May/June 2017 – Vol. 29 No. 7

CA NGSS Implementation in Full Swing

Posted: Friday, May 5th, 2017

by Lisa Hegdahl core_ideas

If you have been teaching since Fall 2013 when the State Board of Education (SBE) adopted the Next Generation Science Standards (NGSS) as the new science standards for California, you have heard lots of words of encouragement – “Take your time implementing the standards,” “Full implementation is years away,” and “No one knows what NGSS looks like in the classroom.”
However, the transitional years of NGSS implementation have slipped away and much has changed in the CA science education landscape since 2013:

  • In 2013, there was no CA Science Curriculum Framework – in 2017, we have the Pre-Publication Version of new CA Science Curriculum Framework.
  • In 2013, there was no CA standardized science assessment aligned to the new standards – In 2017, we have a Pilot Test being administered in grades 5, 8, and high school.
  • In 2013, there were no districts in California implementing NGSS – In 2017, eight public school districts and two Charter management organizations are in their 3rd year of implementing CA NGSS via the California NGSS K-8 Early Implementation Initiative, and hundreds more are leveraging their LCAPs and LCFF funding to support implementation work.
  • In 2013, there were no vetted communication tools to inform about NGSS – In 2017, CA4NGSS has several toolkits to support communication with teachers and principals, parents, and district leaders. (Introductory webinar on the tools)
  • In 2013, there were no statewide professional development events centered around CA NGSS – In 2017, the CA NGSS Rollouts begin #4 of the series.
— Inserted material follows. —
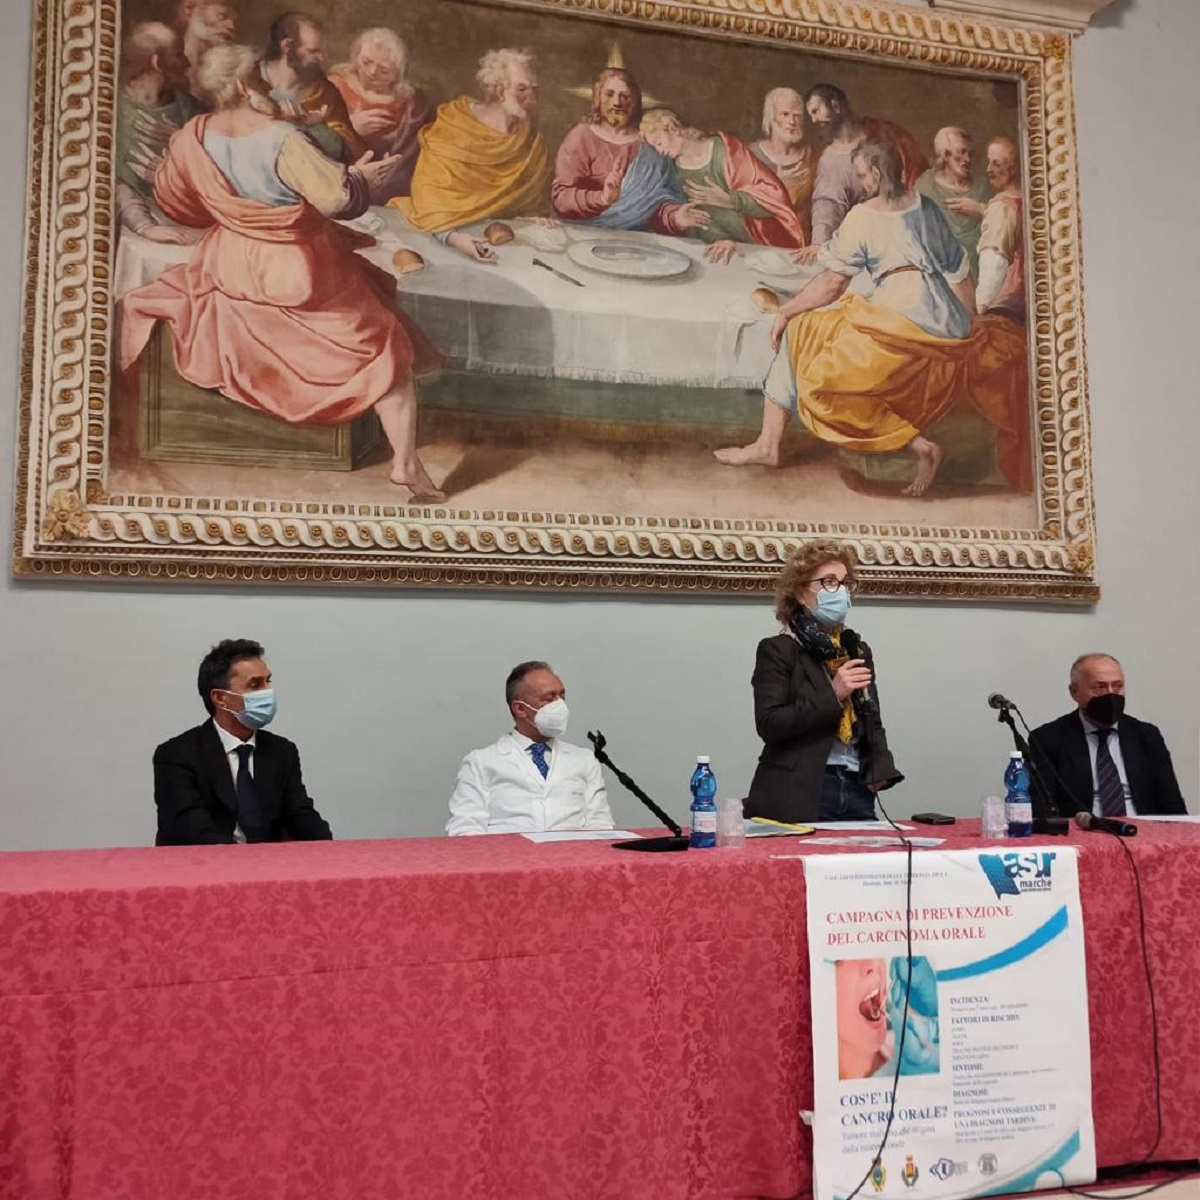 La conferenza per la prevenzione del carcinoma orale: da sinistra il sindaco Moreno Pieroni, il dottor Marco Messi, la dottoressa Nadia Storti e l'assessore regionale Filippo Saltamartini

The Time to Implement CA NGSS Is Now 

While, as California educators, we are a long way from the “let’s wait and see” of 2013, we should be encouraged that much work has been done at the state, county, district, and classroom levels to produce a clearer idea of what NGSS implementation looks like for our students. More teachers than ever before are making the changeover to the CA NGSS three dimensions and witnessing the deep student engagement that comes with them. If you have been implementing from the very beginning, keep it up. If you haven’t or are just starting, move forward with the confidence that, as mentioned above, there are many more CA NGSS resources available in 2017 than ever before, with more created everyday.

To Help You Move Forward

  • Of course, become a member of the California Science Teachers Association (CSTA). Since NGSS first made an appearance, CSTA has been on the frontlines at the state level – keeping our members updated about the most current CA NGSS information. More than ever, being part of your CA Science professional organization is critical to thoughtfully implementing CA NGSS.
  • Keep reading California Classroom Science (CCS). In CCS, you’ll find articles about what is happening in CA NGSS at the state level and in the classroom, as well as what is happening in your local Region. CSTA members have access to archived issues of CCS which means three years of past articles by CA NGSS Early Implementers.
  • Plan to attend the California Science Education Conference in Sacramento, October 13-15, 2017. This annual gathering of CA Science education professionals will inform and energize.
  • Watch for Science Material Adoption Events. The SBE is scheduled to approve Science Instructional Materials in Fall 2018 – and apply to be a part of the process (the application deadline is 3:00 pm, July 21, 2017)
  • Check out the workshops from the first three CA NGSS Rollouts at MyDigitalChalkboard.
  • Advocate to get NGSS into your district’s LCAP. A Toolkit has been developed by the Lawrence Hall of Science to assist you.
  • Nextgenscience.org has a page specifically for California with links that include Lessons Learned by Early Implementers, NGSS Example Bundles and of course the Standards and Evidence Statements.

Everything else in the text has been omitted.